▶ **Input data**:
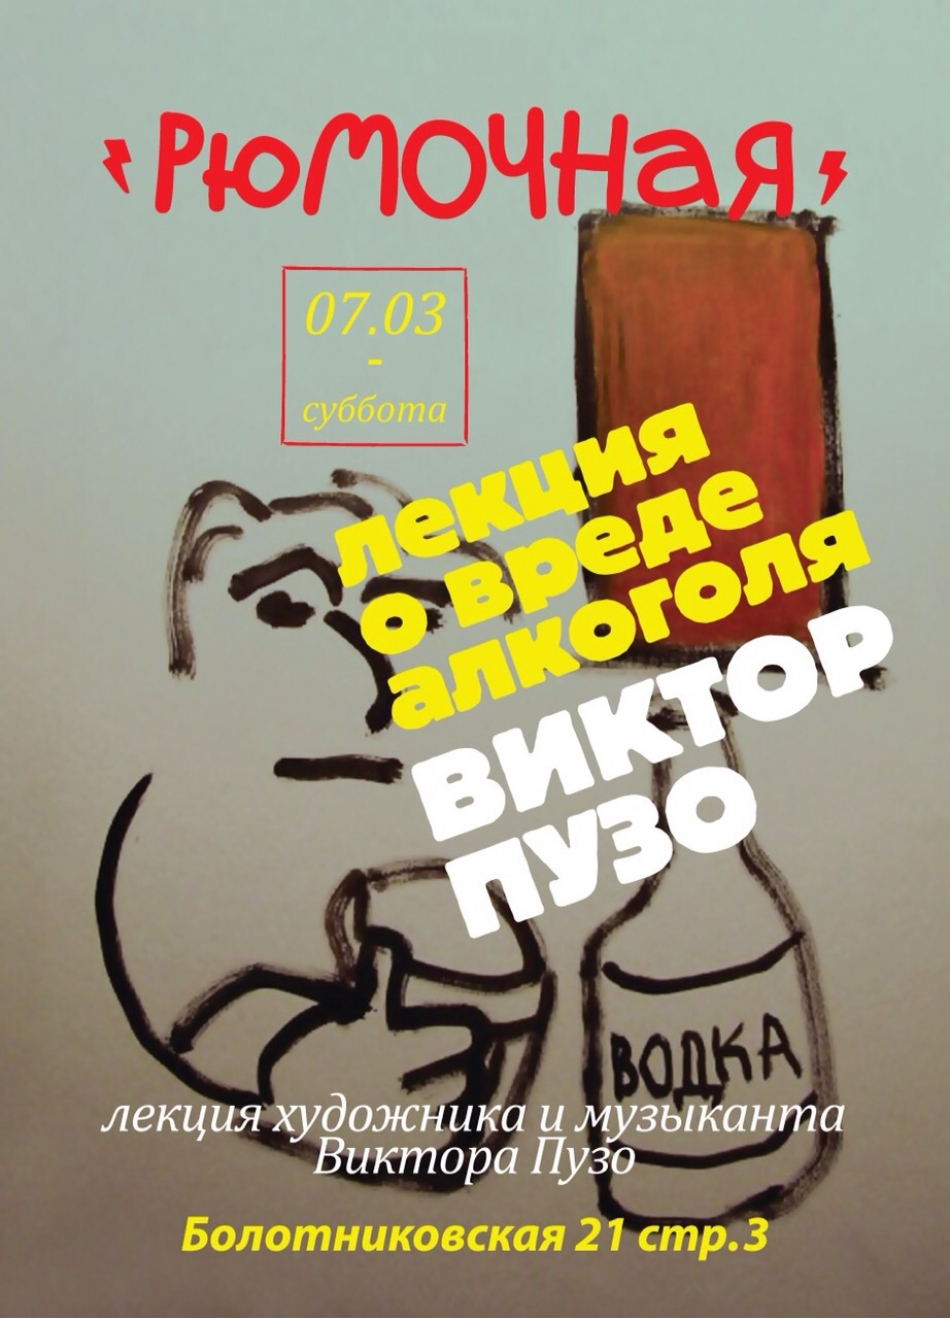 Рюмочная Виктор Пузо
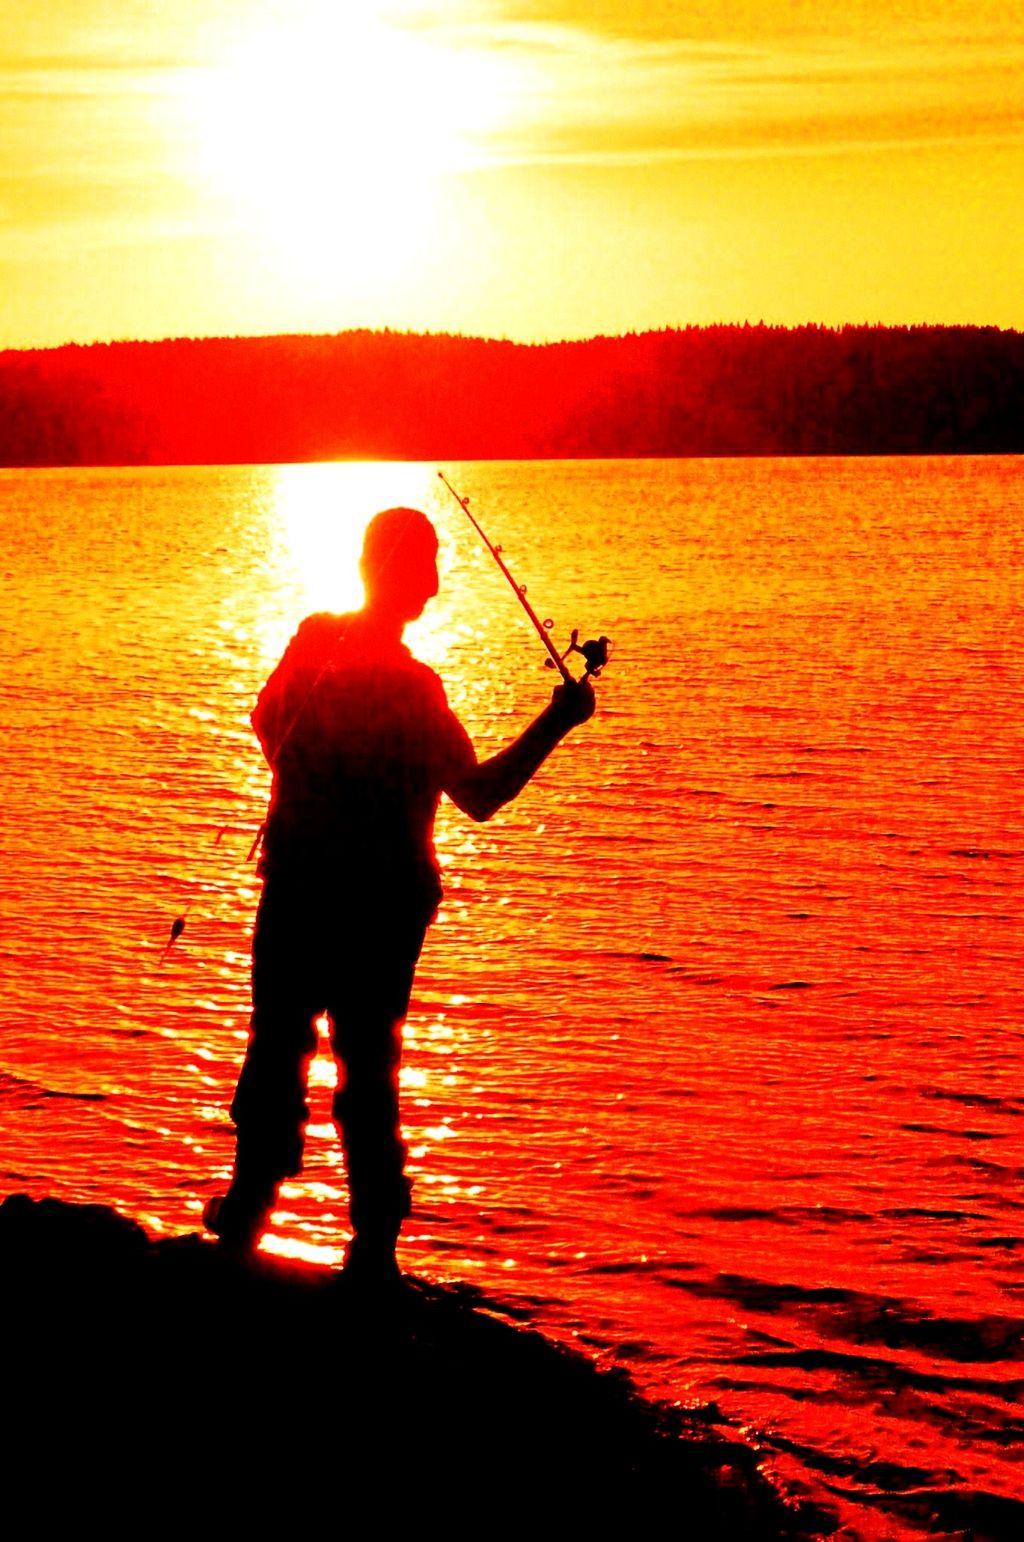 Название: рыбалка на закате.JPG Просмотров: 248  Размер: 253.8 Кб
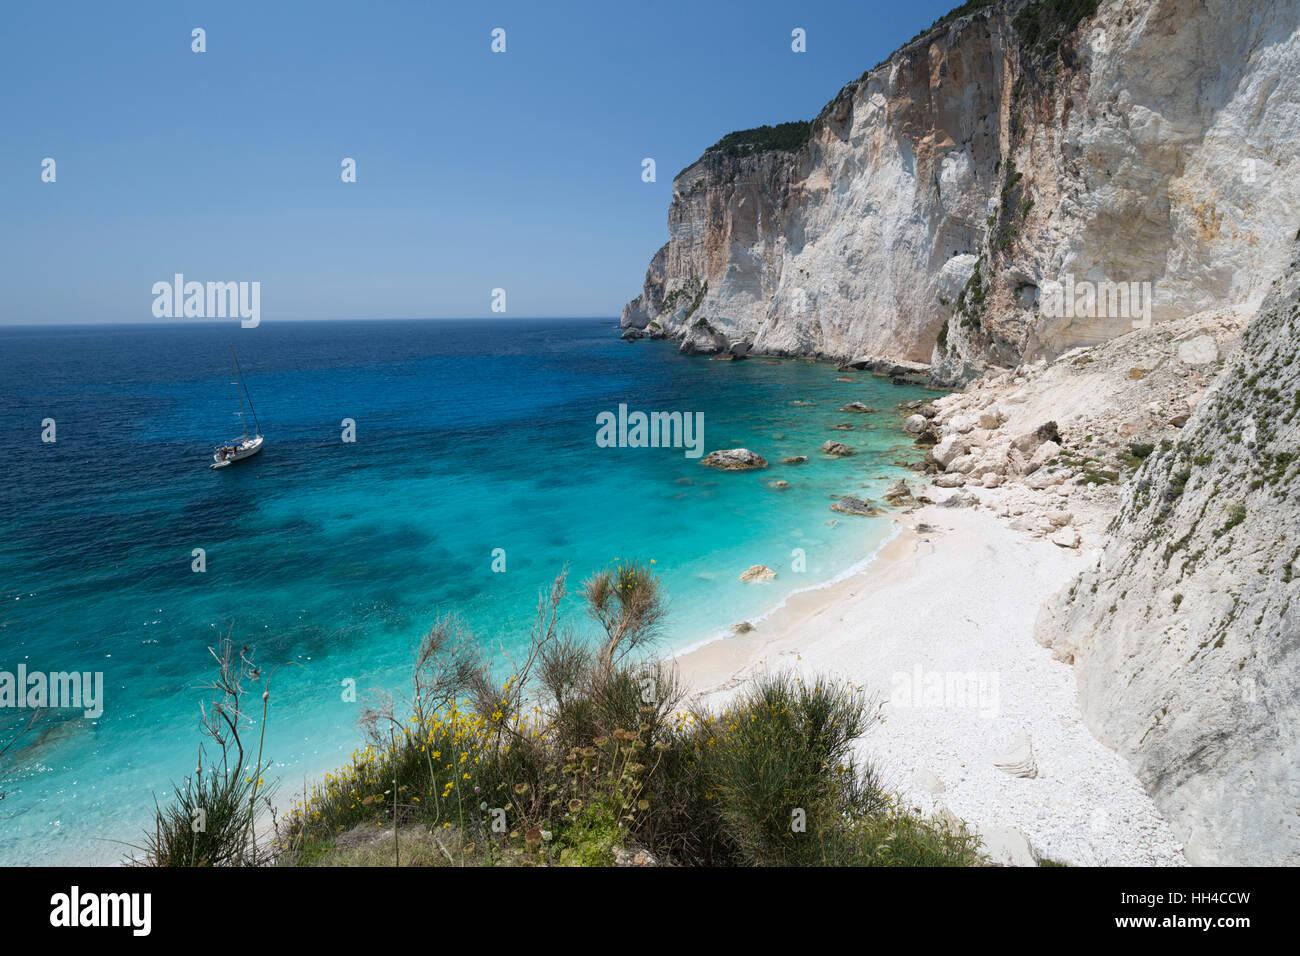 Erimitis beach on west coast, Paxos, Ionian Islands, Greek Islands, Greece, Europe - Stock Image

▶ **About this exercise**:
The data above, line by line: transcribe it exactly and drop the pictures.

▶ **Answer to this problem**:
 Рюмочная Виктор Пузо
 Название: рыбалка на закате.JPG Просмотров: 248  Размер: 253.8 Кб
 Erimitis beach on west coast, Paxos, Ionian Islands, Greek Islands, Greece, Europe - Stock Image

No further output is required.